> _THE DATA_

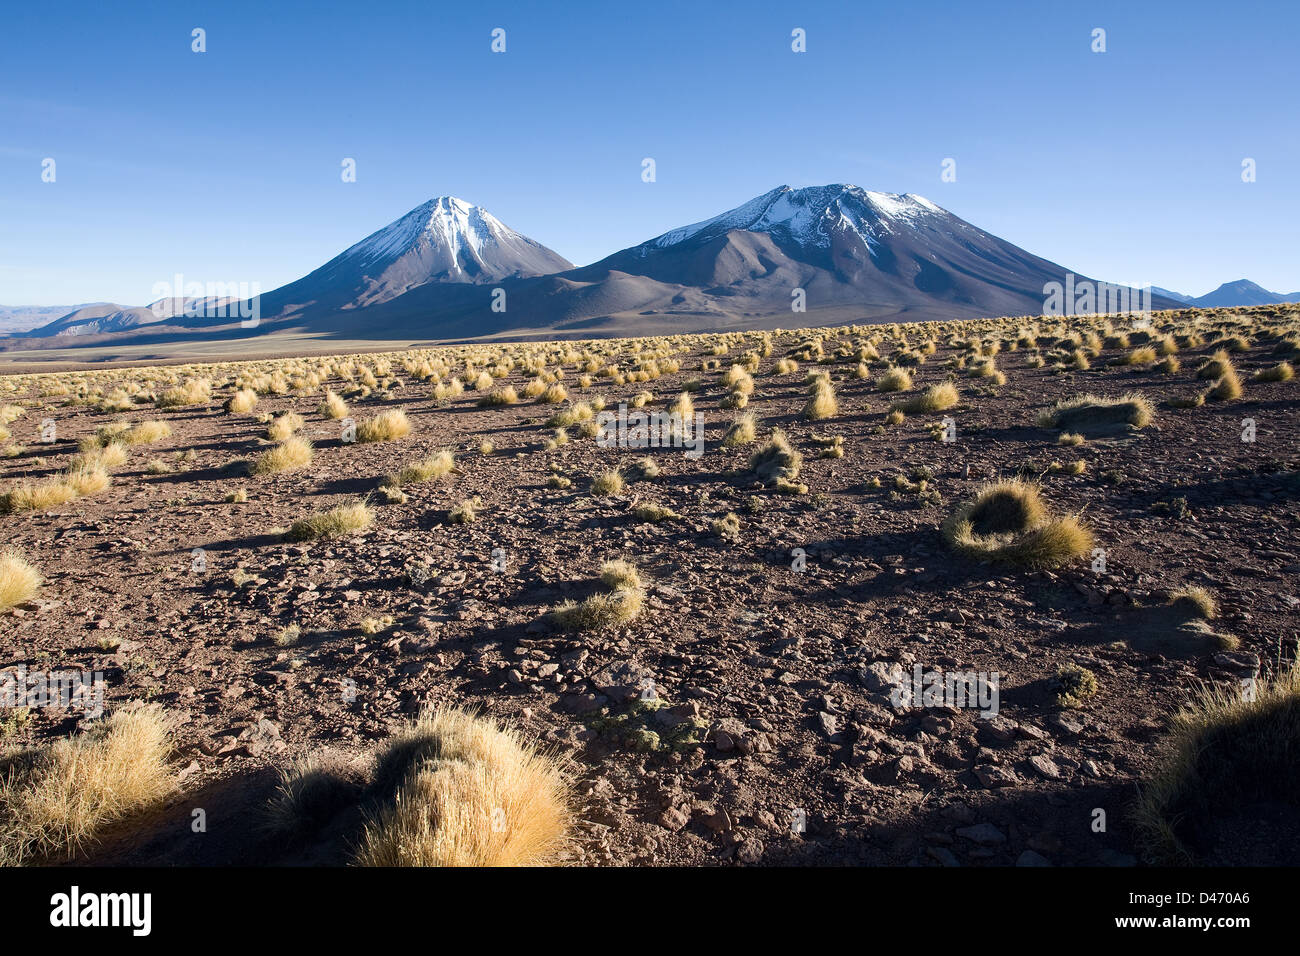 Mountain pass Paso de Jama with volcanoes near San Pedro de Atacama, Chile Stock Photo
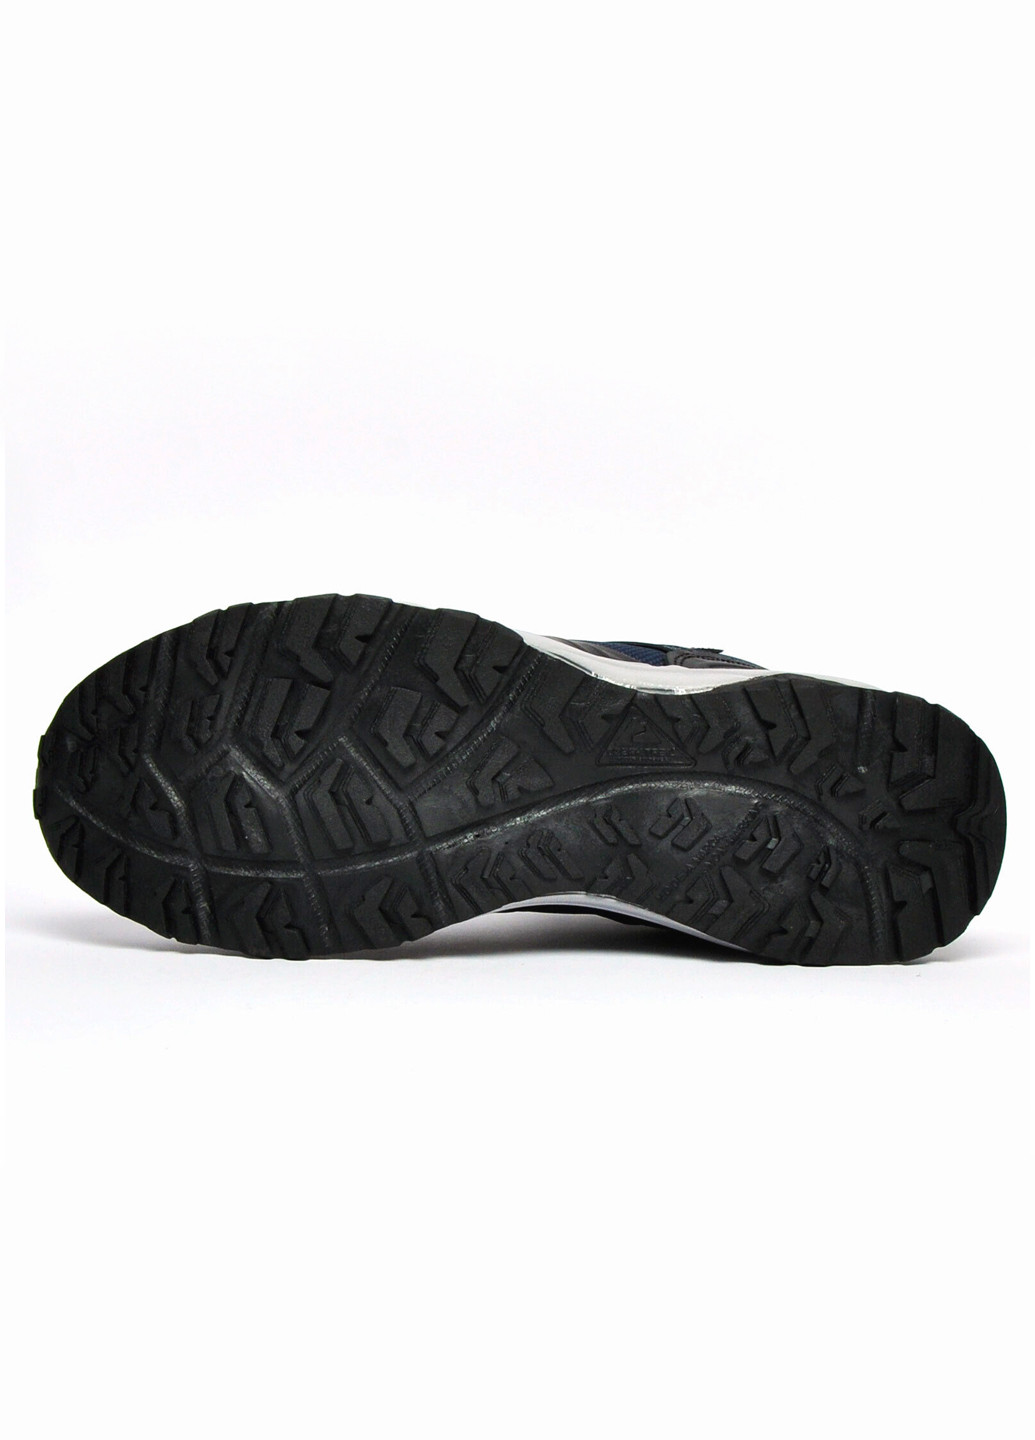 Черные мужские туристические повседневные ботинки Ozark Trail
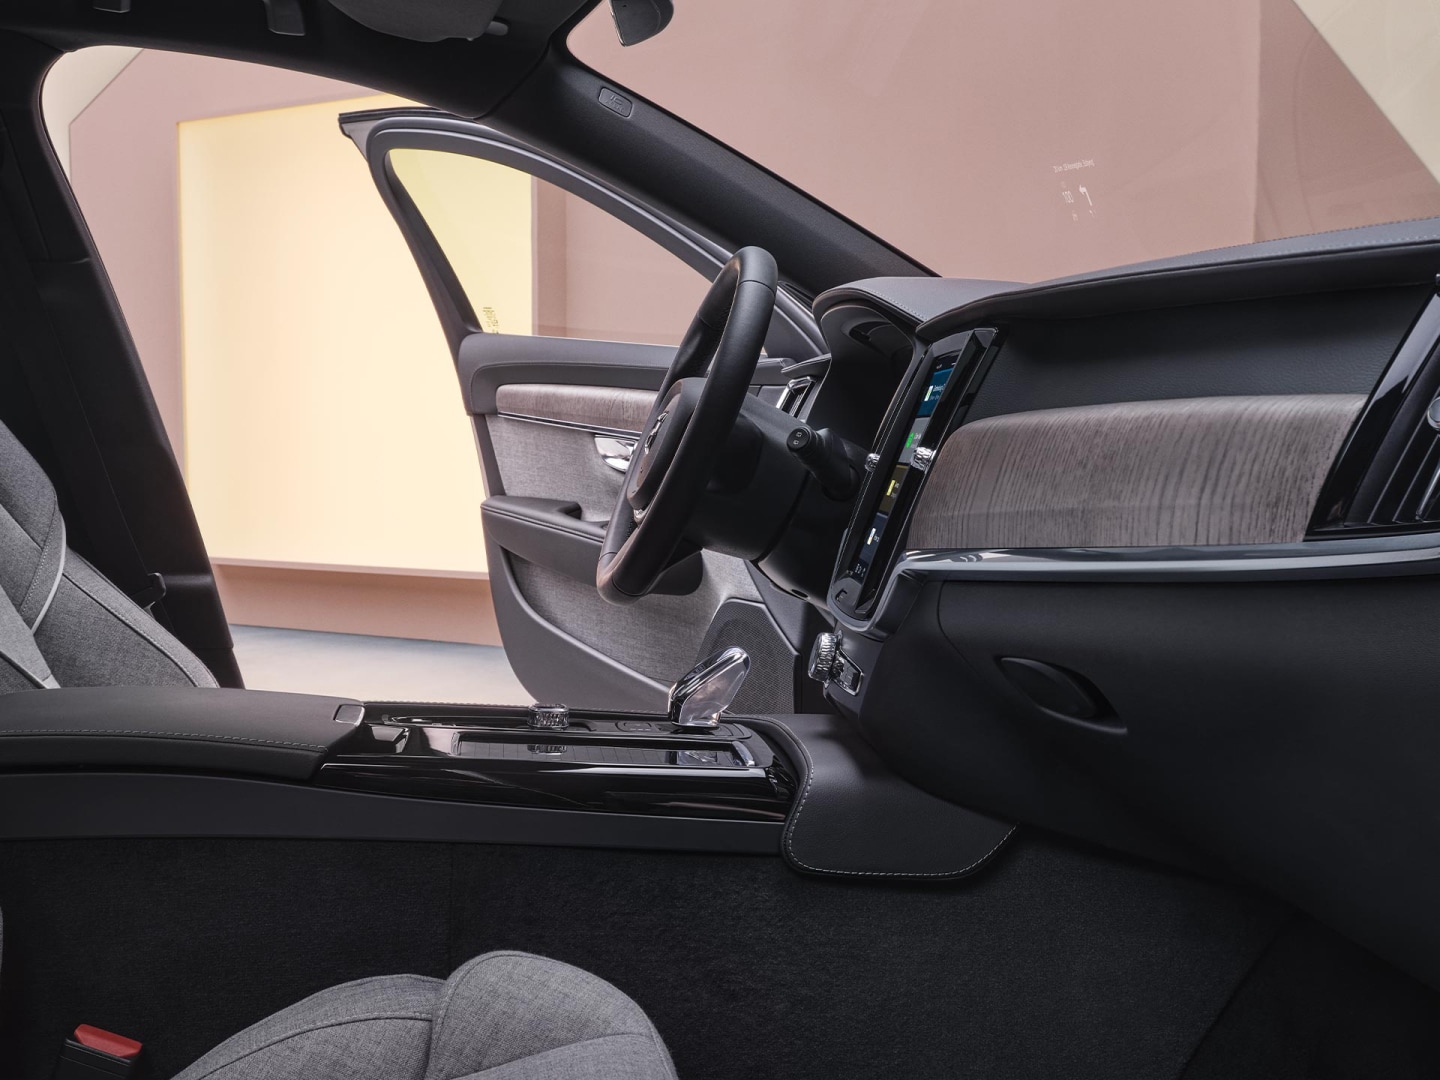 Vista interior da Volvo V90 híbrida plug-in do lado do passageiro dianteiro.
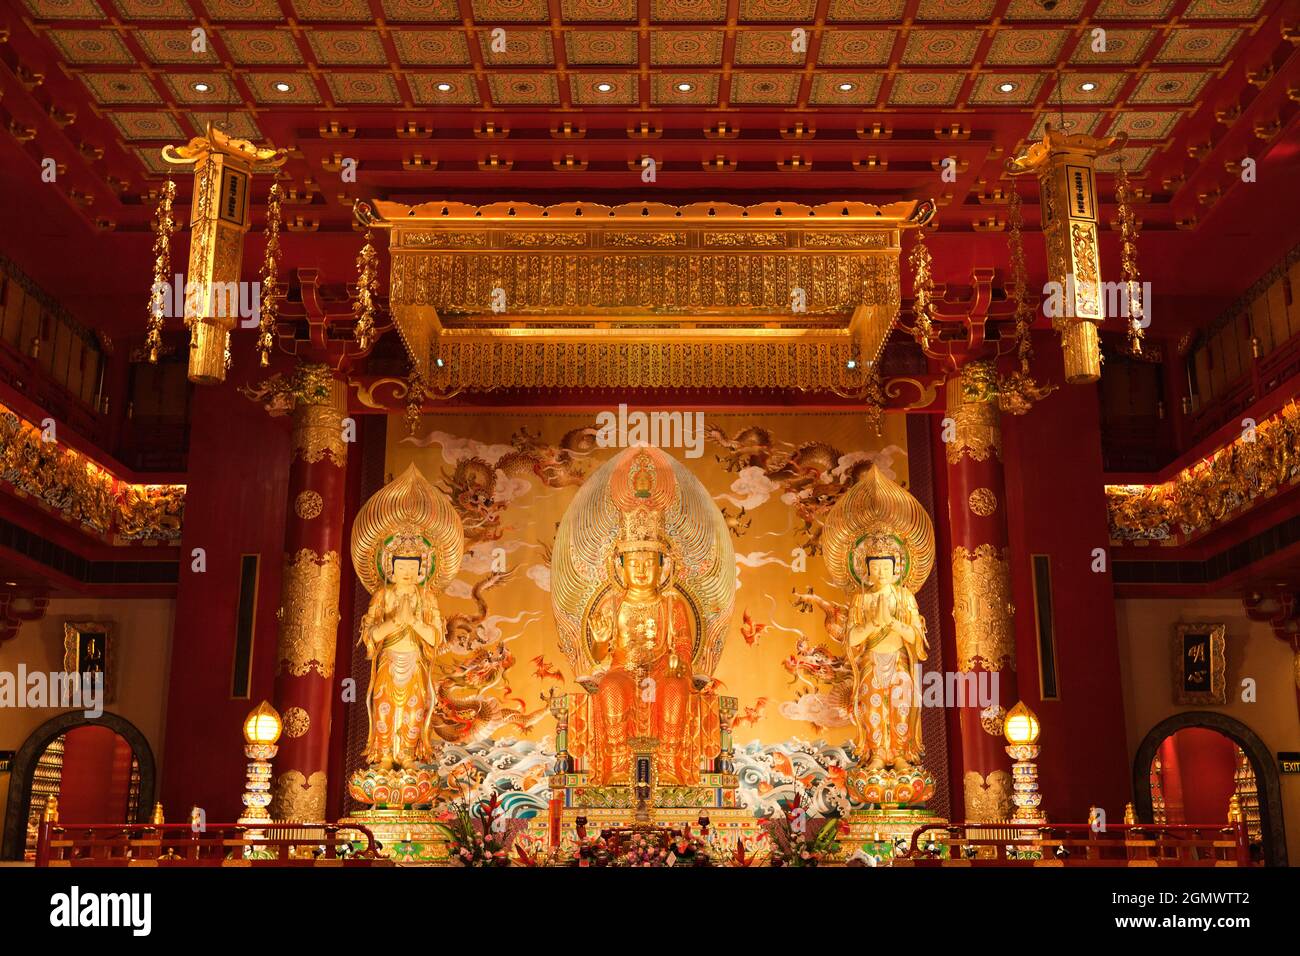 Questo tempio buddista cinese in stile Tang a Chinatown di Singapore prende il suo nome da ciò che i buddisti considerano la reliquia del Sacro dente Buddha che ospita Foto Stock

> _WHAT YOU WILL DO_
Without the pictures, copy the material exactly as given.

> _YOUR RESPONSE_
 Mountain pass Paso de Jama with volcanoes near San Pedro de Atacama, Chile Stock Photo
 Черные мужские туристические повседневные ботинки Ozark Trail
 Vista interior da Volvo V90 híbrida plug-in do lado do passageiro dianteiro.
 Questo tempio buddista cinese in stile Tang a Chinatown di Singapore prende il suo nome da ciò che i buddisti considerano la reliquia del Sacro dente Buddha che ospita Foto Stock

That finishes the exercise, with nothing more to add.